#### [PROVIDED MATERIAL]

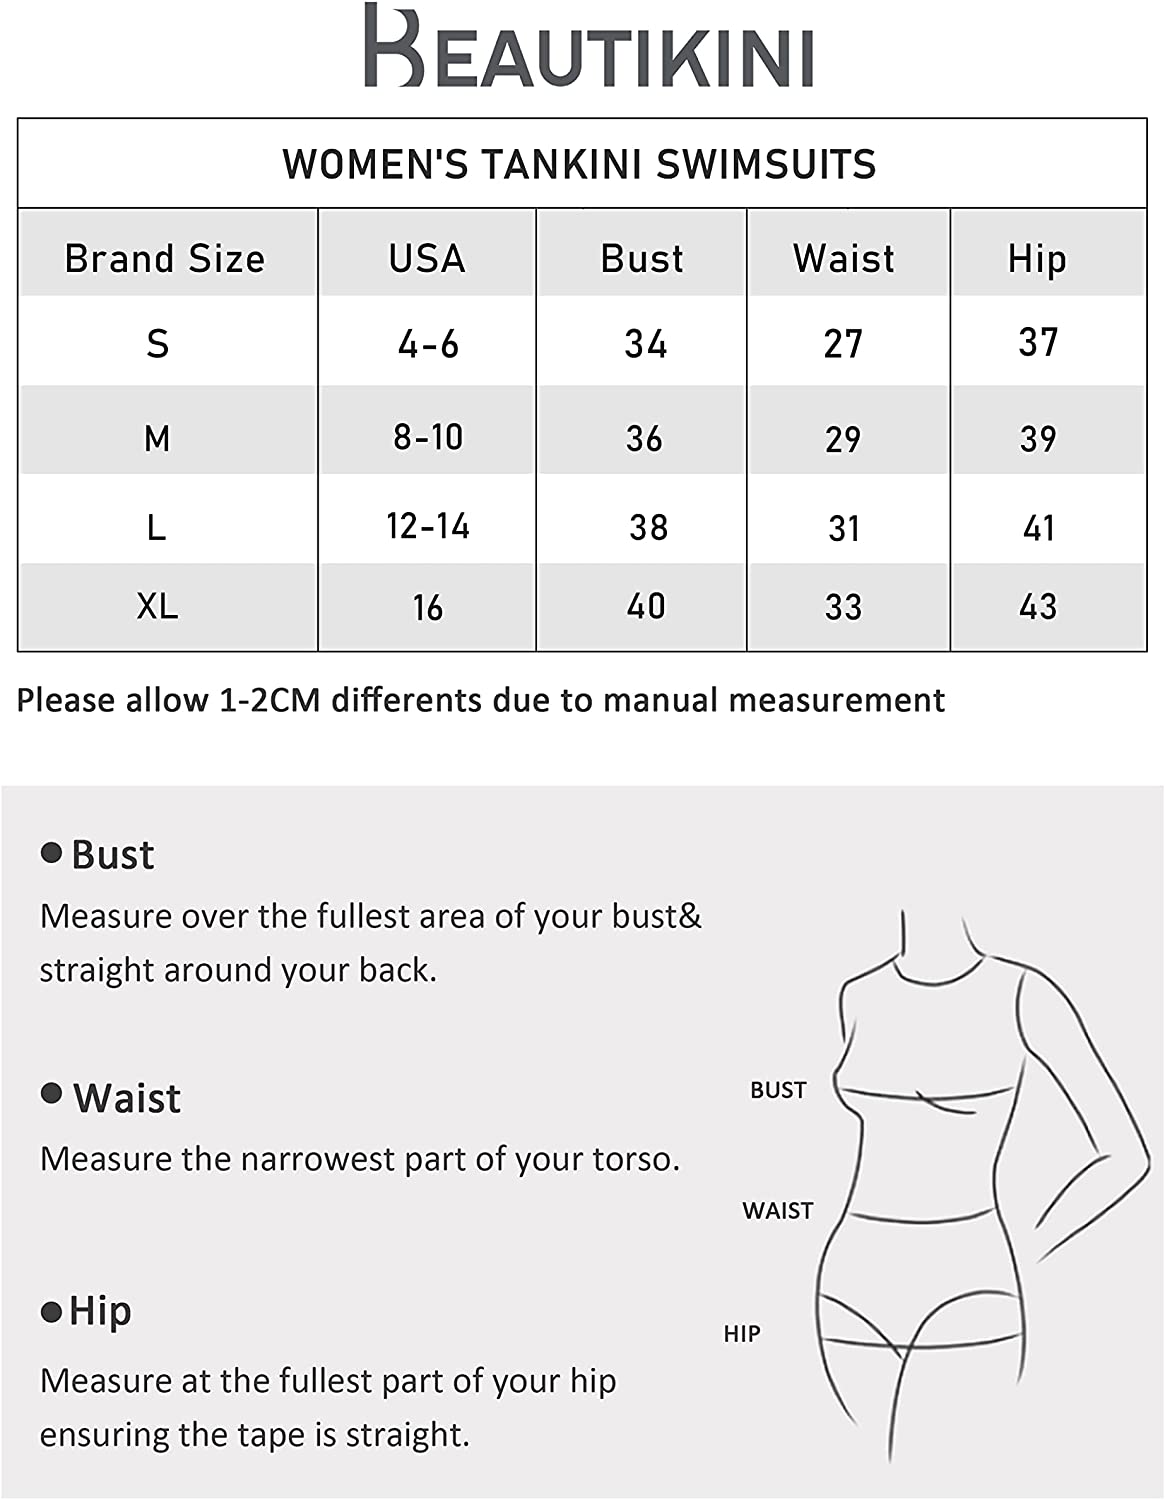 Beautikini Womens Two Piece Swimsuits, High Neck Bikini Crop Top Floral Sport Bathing Suits with Briefs for Women Teen Junior
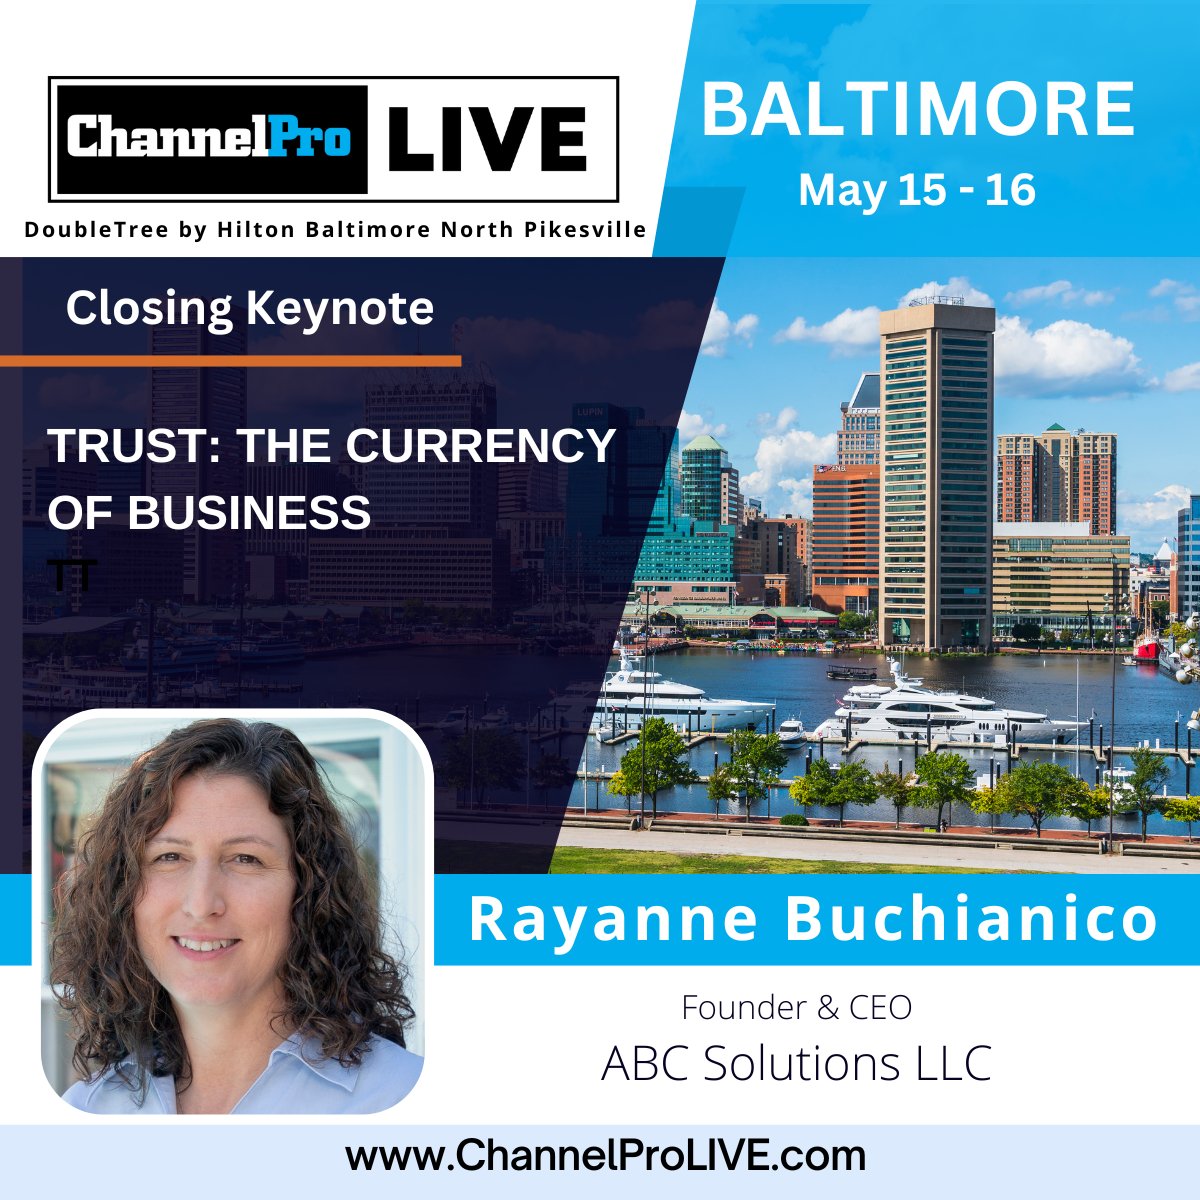 #Baltimore channel partners: It's not too late to register for #ChannelProLIVE on May 15-16 to hear business advice from channel experts like Rayanne Buchianico, who will deliver the closing keynote on the indispensable business virtue of trust. #ITevent baltimore.channelpronetwork.com
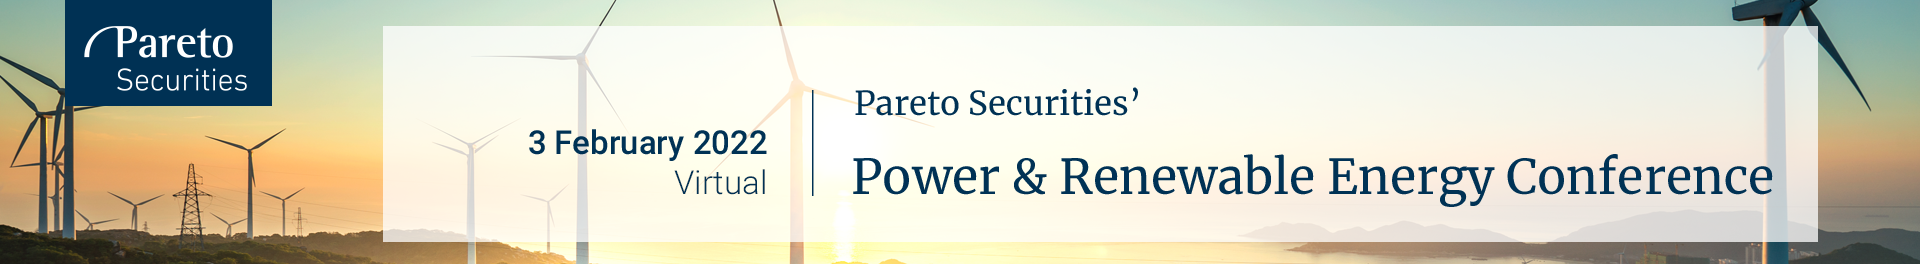 Header image for Pareto Securities' 24th annual Power & Renewable Energy Conference
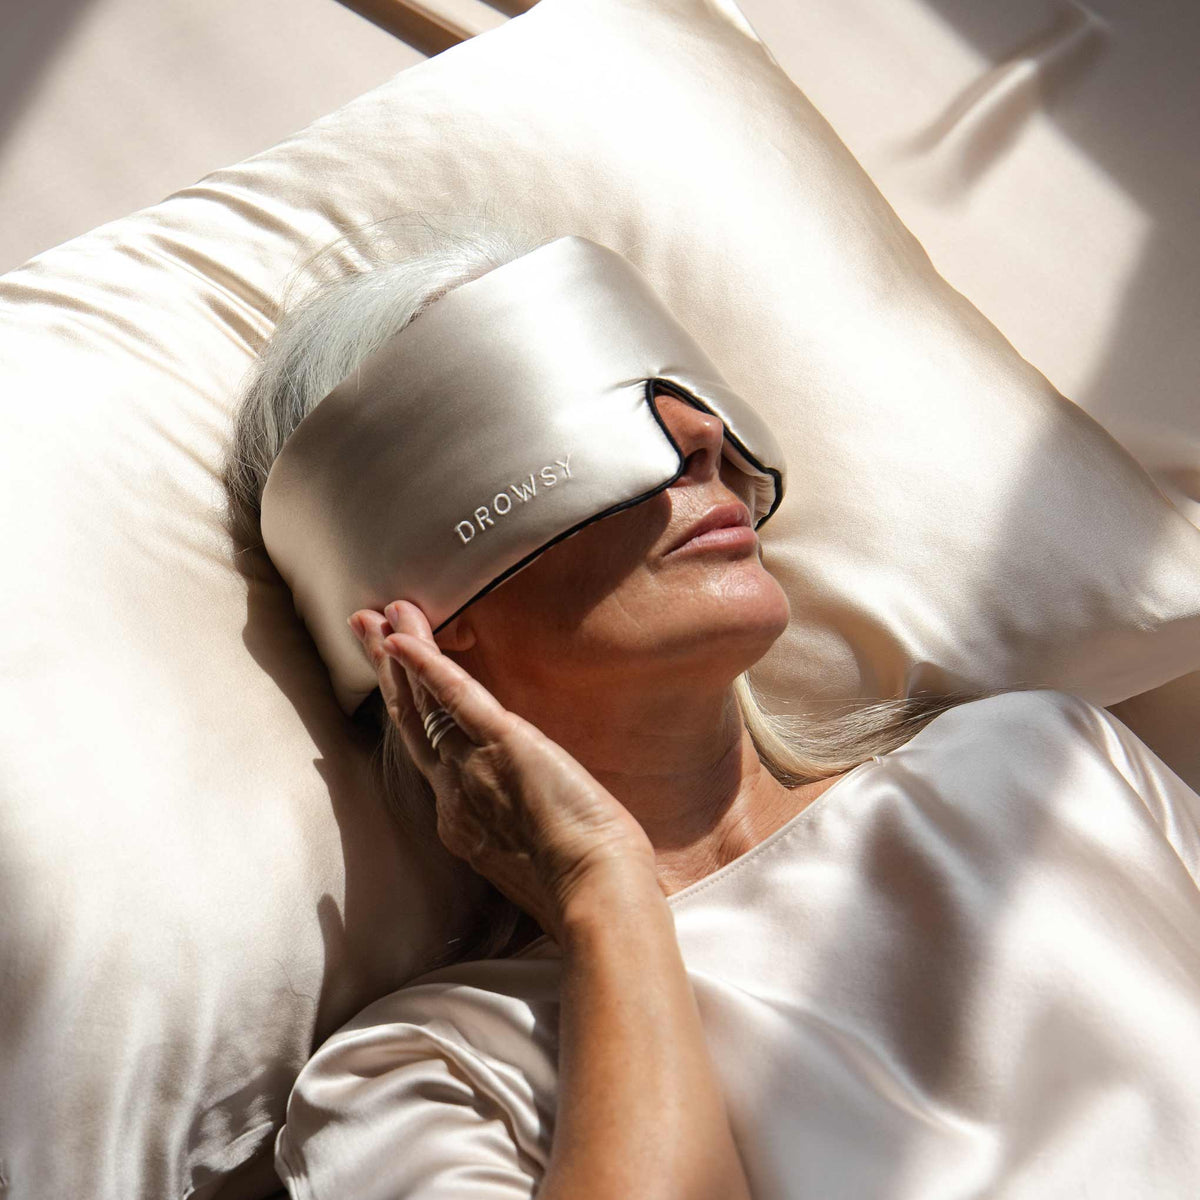 Model with blue coloured Drowsy sleep mask covering eyes on blue silk sheets

#### [EXERCISE REQUIREMENTS]
Give the lines from the one containing "Header image for" through the final line of the material again, exactly and in full, but without pictures.

#### [EXPECTED OUTPUT]
 Header image for Pareto Securities' 24th annual Power & Renewable Energy Conference
 Model with blue coloured Drowsy sleep mask covering eyes on blue silk sheets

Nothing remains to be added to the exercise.